Things are empty by nature, without core, without substance - what dependently originates is empty.

 

All that you are putting forth here are conventionally observed cause and effect. Conventionally observed cause and effect (knife stabs = profound change in body) are all fine observations but only on the conventionally level, pre-analysed level. But a conventionally observed cause and effect does not mean they are actually real or substantial, or that there is actually a real cause and a real effect. If you realize emptiness you realize there is no self, no body, no knife, no pain, no .... let alone a real knife that caused a real body to transform, etc. All these without denying of course luminosity and appearance. But nothing can be established.

 

When you realize emptiness, you stop conceiving of such entities...

 

What it feels like in direct experience is that everything becomes vividly clear, luminous, and yet because nothing whatsoever is established, there is nothing whatsoever that becomes an object of clinging... so all appearances are self-arisen and self-liberated without action.

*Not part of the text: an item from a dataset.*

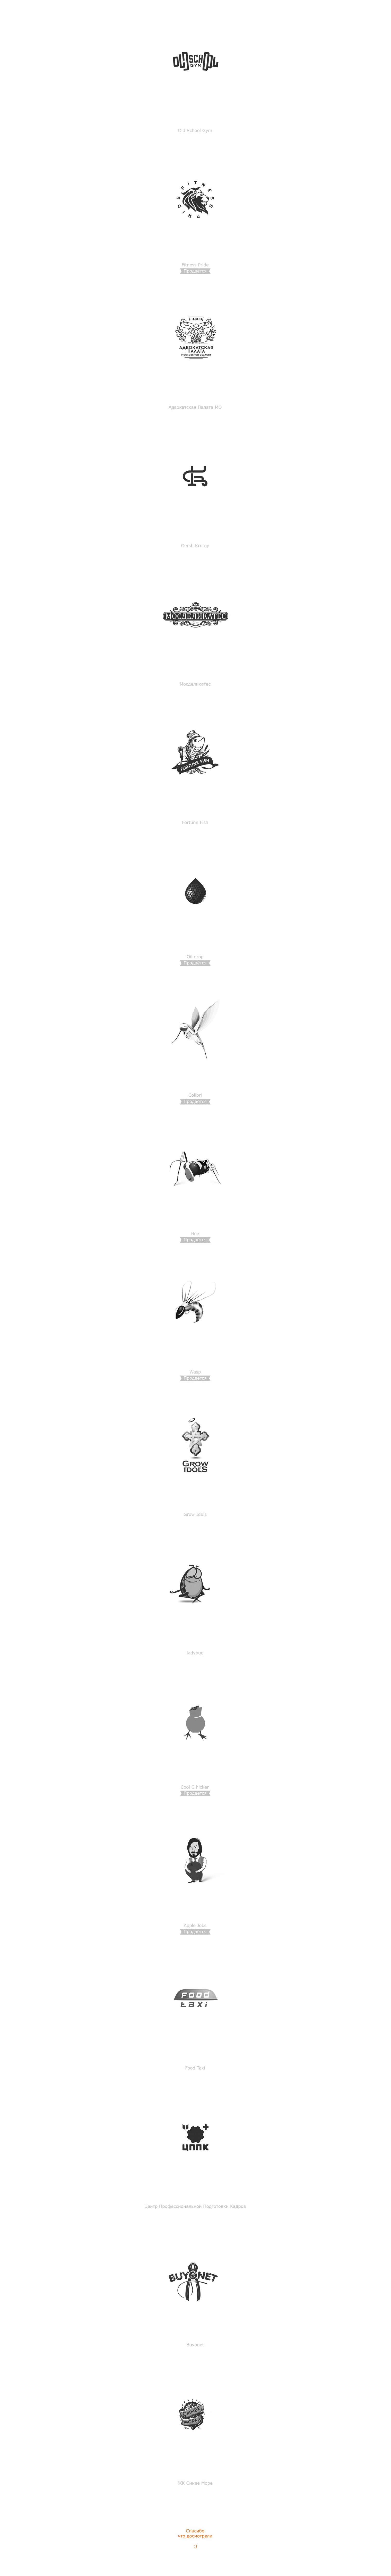 Эмблемы/логотипы

You are being very bull headed here without really giving what I write consideration. You can say to yourself with some sort of crazy reasoning that there are elves that live in the sky. But when there isn't, you should reconsider the analysis, because there apparently are no elves. If else, you are just functioning on blind belief.

 

Similarly, you can say something is empty, illusory, ultimately unreal, and what not, but the cause and effect of events still do occur to you. No matter how empty you think a knife wound is, it will make you bleed, it will cause tangible physical change. That makes it real, not whether or not you say it is empty or not. A knife wound to a Buddha is no less real to a Buddha than to a deluded sentient being. Also conventionality means something that is a conceptually agreed, but not objectively true. So names are conventional truths, but not physical laws of cause and effect your body is bound to. It doesn't go away because you analyzed it away.

 

Conventional truths are valid only on that level so I do not fault you for making the observation 'when someone hits you, you will feel it'. But ultimately there is no someone, no me, and no hitting, and no feeling. But this is not like a nihilistic absence... as form is emptiness, emptiness is form, so emptiness, luminosity and appearances are inseparable.

Whether or not I make that observation does not change the fact that when someone hits me, I will feel it. If otherwise, you are either denying reality, or mentally handicapped and cannot link two phenomena together.

 

Conventionally observed truths are consistent but by no means ultimately real. On the level of conventional truth, there is valid and invalid statements - like 'sun causes sunlight' is a valid conventional statement while 'moon is made of green cheese' is an invalid conventional statement.

 

But ultimately, there is no sun, no sunlight, to even speak of a sun that caused a sunlight.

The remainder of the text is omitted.